La Pompei anatolica si chiama Metropolis

È la scoperta più rilevante nella regione nel corso del 2019, oltre ad alcuni ritrovamenti a Catalhoyuk, Arslantepe e Maydos

Resti dell’impianto termale venuto alla luce a Metropolis sulla costa egea della Turchia

Istanbul (Turchia). Anche gli ultimi mesi di scavo del 2019 hanno riservato agli archeologi che lavorano in Turchia numerose sorprese: variano per epoca dal Neolitico al tardoantico, per localizzazione geografica dai Dardanelli all’Anatolia orientale, per tipologia da monili a intere città sepolte. Nell’insediamento preistorico di Catalhoyuk, al centro della penisola, sono stati trovati 3 denti umani utilizzati come ciondoli. Gli scienziati internazionali della missione li hanno analizzati e li hanno datati a circa 8.500 anni fa. Sono stati estratti a cadaveri di individui di età adulta, probabilmente dall’elevato prestigio sociale in vita; sono stati poi forati intenzionalmente alla radice, con un micro-trapano meccanico dalla forma conica, e utilizzati per lungo tempo come ornamenti. Un ritrovamento eccezionale nella zona, al momento unico.

Nel sito calcolitico di Arslantepe, sulle rive dell’Eufrate in Anatolia centro-orientale, sono invece attivi gli archeologi italiani diretti dalla professoressa Marcella Frangipane dell’Università di Roma «La Sapienza»: nella campagna di quest’anno, la scoperta più interessante è lo scheletro di un bambino di 6-7 anni, reclinato sul fianco destro in posizione fetale, datato a 5.700 anni fa. Studi più approfonditi individueranno le cause della morte e daranno informazioni importanti sulla dieta del tempo; al momento suscitano particolare interesse le perline parte di braccialetti e di una collanina, che fanno pensare a origini aristocratiche per il bambino.

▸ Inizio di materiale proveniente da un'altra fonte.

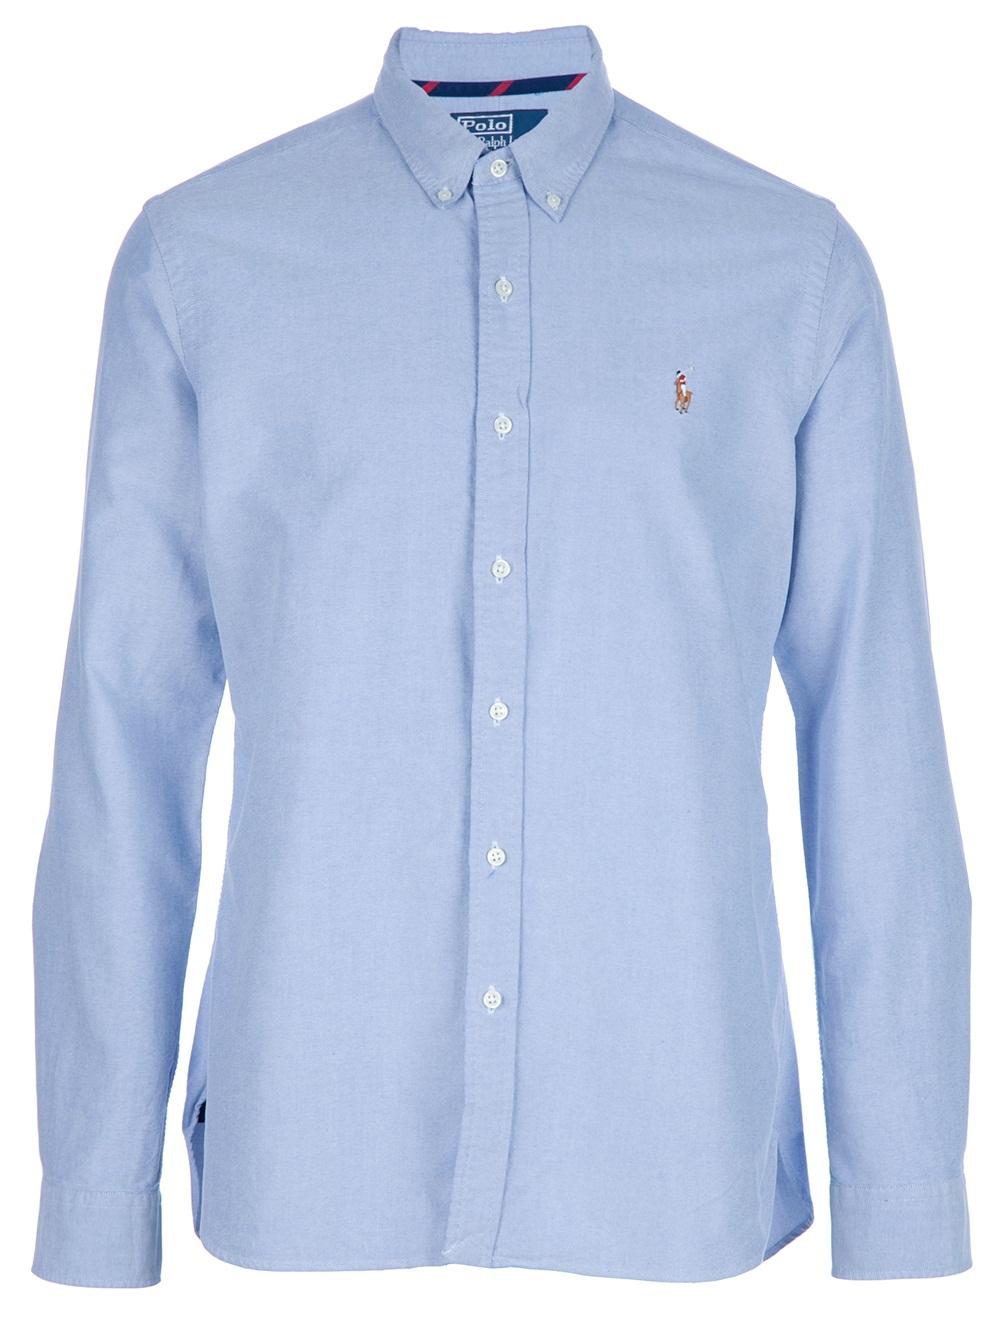 Polo Ralph Lauren Oxford Shirt,$123.82 at Far Fetch

Sulla collina di Maydos, sulla sponda europea dello stretto dei Dardanelli, il team turco dell’Università di Canakkale si è concentrato sull’esplorazione di due aree: il sistema difensivo della prima Età del Bronzo sulle pendici dell’altura, il quartiere occidentale dove sono emerse delle interessanti ceramiche che risalgono a 3.500 anni fa. Secondo il professore Goksel Sazci che dirige gli scavi, le forme e le decorazioni fanno pensare a una provenienza balcanica: in sostanza, forniscono la prova che Maydos era un punto di passaggio e scambio tra Europa e Asia, dove erano attivi mercanti o si erano insediate genti originarie della penisola balcanica che producevano le ceramiche in loco.

La scoperta di epoca più recente è quella di Metropolis, città sulla costa egea nei pressi di Izmir sviluppatasi soprattutto in età ellenistica e poi romanizzata. Nel 2019, infatti, è stato scavato un balneum che risale al IV-V secolo: una struttura di circa 400 metri quadrati costruita su di un altro edificio distrutto da un terremoto (sotto le lastre di marmo sono affiorati mosaici a decorazioni geometriche). Era associato a una dimora signorile non ancora individuata, era probabilmente utilizzato in via esclusiva da una sola famiglia: presenta tutti gli elementi tradizionali di un impianto termale anche se in scala ridotta, con una serie di piscine, o vasche, per al massimo 3-4 persone, alcune ancora ricoperte di preziosi marmi colorati.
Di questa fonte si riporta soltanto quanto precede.